Wardhaugh has created his own set of rules
Over the past 38 years, many things have changed. Players have come and gone, the game has grown ever bigger (he boasts a collection of 20,000 miniatures), and Wardhaugh has adapted to play by his own rules.
“My game is very different from the official Dungeons & Dragons rules,” says Wardhaugh. “It’s a rule system that has developed and is constantly developing, constantly changing and constantly getting better.”
One of the elements that makes Wardhaugh’s game particularly special is his incorporation of real-world history. As a history professor at the University of Western Ontario in London, Ontario, Wardhaugh has a lot of knowledge to draw from.
His background as a history professor changes the game
“Being a history professor and always loving history, I wanted to create a world where I was able to use the history of our world. My world is an alternate Earth, so you can be Roman, you can be Greek, you can be Sumerian, you can be Babylonian, you can be First Nations,” explains Wardhaugh. But all the players are ultimately working towards the same goal, which is the story that Wardhaugh, as the Dungeon Master, is telling.
“What fascinates me and draws me to history is the ability to put yourself into a different space, a different place, with different people, in a different timeframe where you have all these different cultures,” says Wardhaugh. Incorporating the color and detail from history into Dungeons & Dragons felt like a way to strengthen the game.
“From a fantasy aspect, it takes me into that world where they didn’t know if there were dragons and if they believed in monsters and they thought that there were elves in the forest,” says Wardhaugh. “And so it takes you into an age where you can get away from the skepticism that we have today and immerse yourself into that world where all these things do seem possible.”
He hopes to play for decades to come
Above all else, the game has allowed him to serve his initial purpose: To spend time with his friends. “One of the greatest successes of my game has been the fact that it has fulfilled its ultimate objective, which is keeping my friend group together,” says Wardhaugh. “I knew early on that if I was able to create a game that was good enough, that they would keep coming. And that they would play with me, no matter where I was.” That game is hopefully set to continue for many more decades to come.

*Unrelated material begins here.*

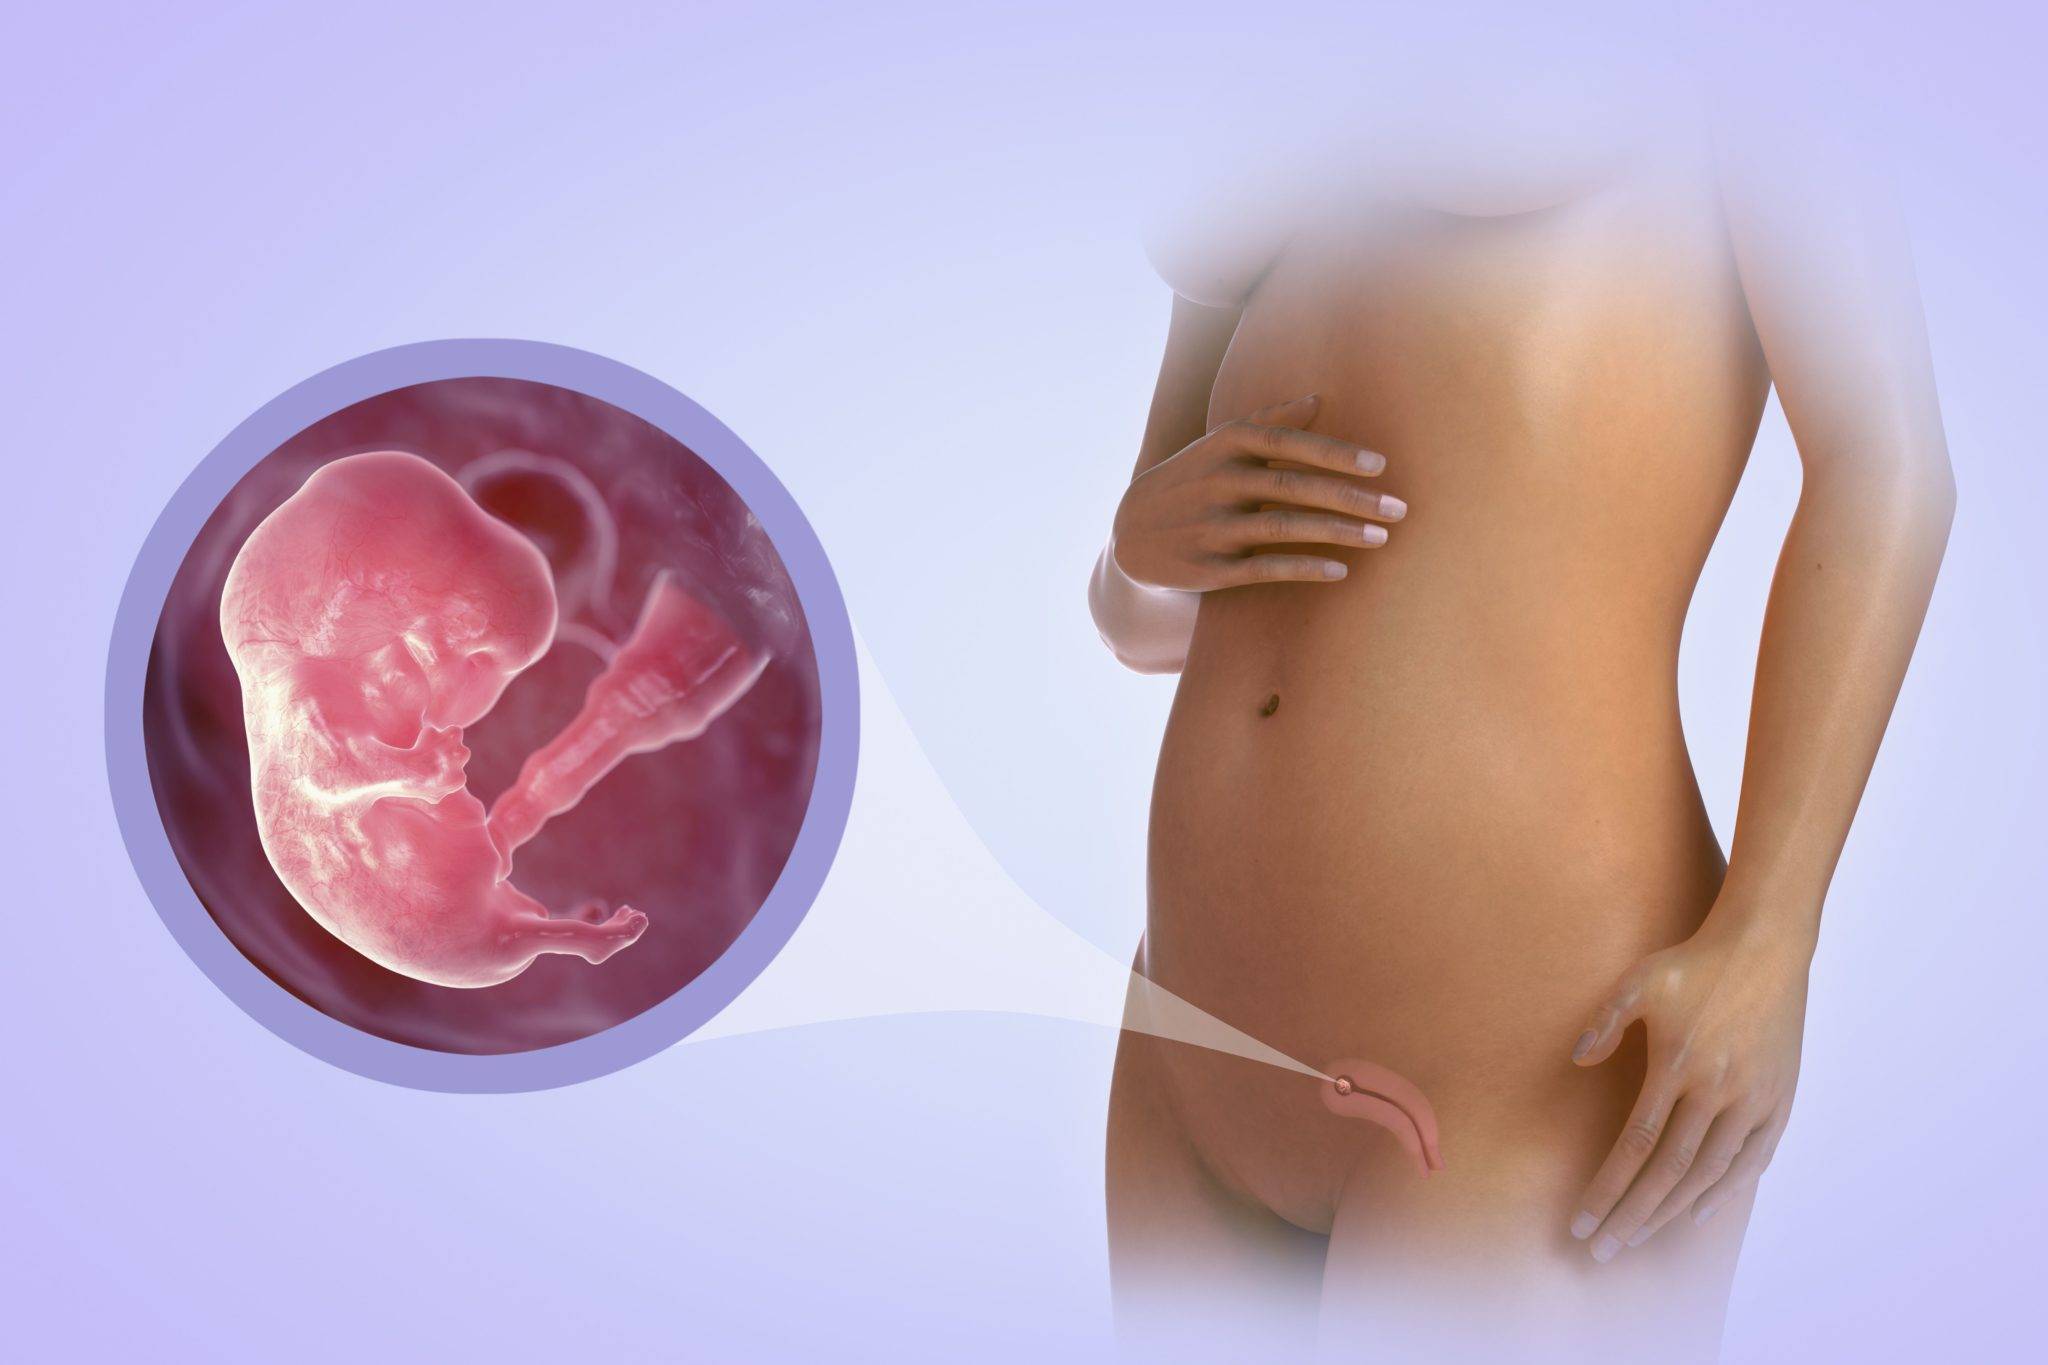 12 неделя беременности: ощущения, признаки, развитие плода

“One of the things that sets my game apart from all other games is that the only thing that’s going to limit it, I suppose, is my lifespan,” says Wardhaugh. But his game has certainly created a legacy. His teenage daughter has been involved with the game since she was 8 years old. And his students have also started to take an interest.
“Now, every class I teach, I have students coming up to me and they seem a bit shy and I know exactly what they’re going to say and what they want to ask me,” says Wardhaugh. “In a weird way, it’s opened me up in class, to my students, to a different conversation.” Wardhaugh notes that his skills as a storyteller have aided him not only as a Dungeon Master, but also as a historian and a professor.
“It makes me happy to know my players still want to play, and that they’re excited about playing, and that they constantly want to play,” says Wardhaugh. And, if the last few months have proven anything, it’s that nothing, not even a global pandemic, can stop people from wanting to come together, connect, and tell stories.